Es capaz de buscar un texto por el mérito de una sola palabra. Entonces se detiene en ella y le
da vueltas en su cabeza. Ensaya en voz alta los posibles reemplazos y pondera el acierto del
autor por la precisión al usar esa y no cualquier otra. Por eso le gusta el idioma alemán. Dice
que tres palabras bastan para leer en alemán. Si uno sabe el significado de Herz (corazón),
Liebe (amor) y Nachtigall (ruiseñor), ya está. Entonces, con la ayuda de un diccionario, se
podrá leer a Heine.

Es cruel con los autores que no le gustan. Tiene un amigo con el que se juntan a comer y a
hablar de libros. Leen y recitan lo peor de la literatura (enfático y agrícola, irresponsable
rimador, autóctono y prescindible).

Un objeto inimaginable llega a las manos de un lector: es un libro de arena, cada vez es único
y en el que es imposible encontrar dos veces lo mismo. Un libro así es un sueño y también
una pesadilla de la que cualquier hombre debería deshacerse. Entonces el protagonista toma
el libro y lo esconde donde nadie pueda encontrarlo, en los anaqueles de la biblioteca donde
trabaja.

El Lector imagina un mundo en el que las ficciones son un solo argumento con todas las
permutaciones imaginables.

Después imagina un mundo donde el arte no es necesario porque cada individuo es un artista,
todo es anónimo y no hay libro que espere el éxito o el fracaso. Dicen los lectores que el
Lector piensa en estas cosas cuando se aburre o se cansa por un rato de los libros.

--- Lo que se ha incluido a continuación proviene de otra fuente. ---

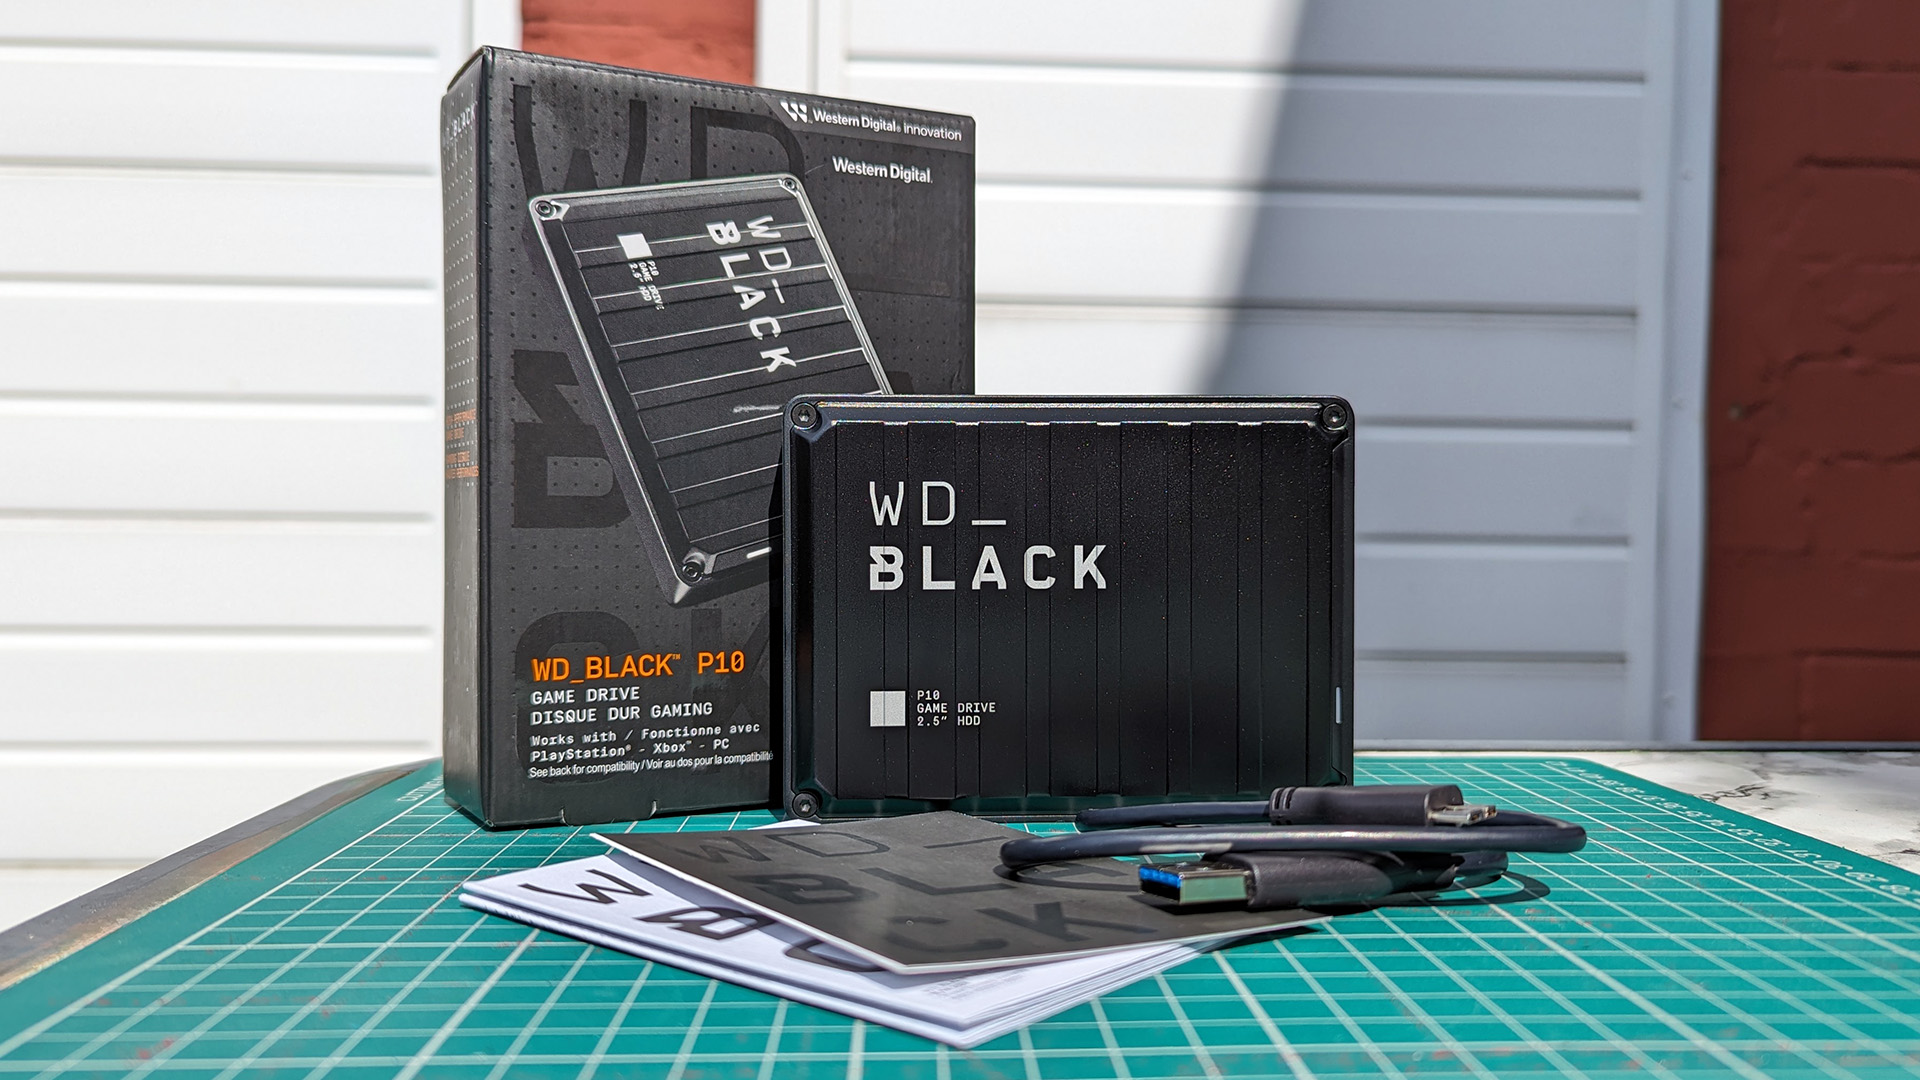 WD_BLACK P10 Game Drive kutusu açılmamış

Toma un libro de la estantería baja del salón, ahí donde están Stevenson, Chesterton, Kipling
y Henry James. Es rojo y pequeño, con un dios elefante y una esvástica hindú en la portada.
Lo había comprado en Ginebra cuando era un adolescente. El Lector le regala el librito rojo
de Kipling a uno de sus lectores porque se va del país. Cada lunes, miércoles y viernes,
durante los últimos cuatro años, tocó la puerta del sexto piso y le puso voz a lo que pedía el
Lector. Alberto Manguel tiene veinte años y deja de leerle a Borges.

Casi cuarenta años después escribe un libro -”Con Borges”- en el que termina de darle forma
a lo que fue descubriendo con el tiempo: el tamaño del privilegio de leerle al Lector.

Todo el mundo iba a la casa de Borges, recibía a periodistas, estudiantes, escritores de


distintas partes del mundo que querían conocerlo. Cuando Mario Vargas Llosa lo visitó
quedó impresionado por esa biblioteca mínima y la humildad del departamento, entonces le
preguntó por qué no vivía en un lugar más lujoso.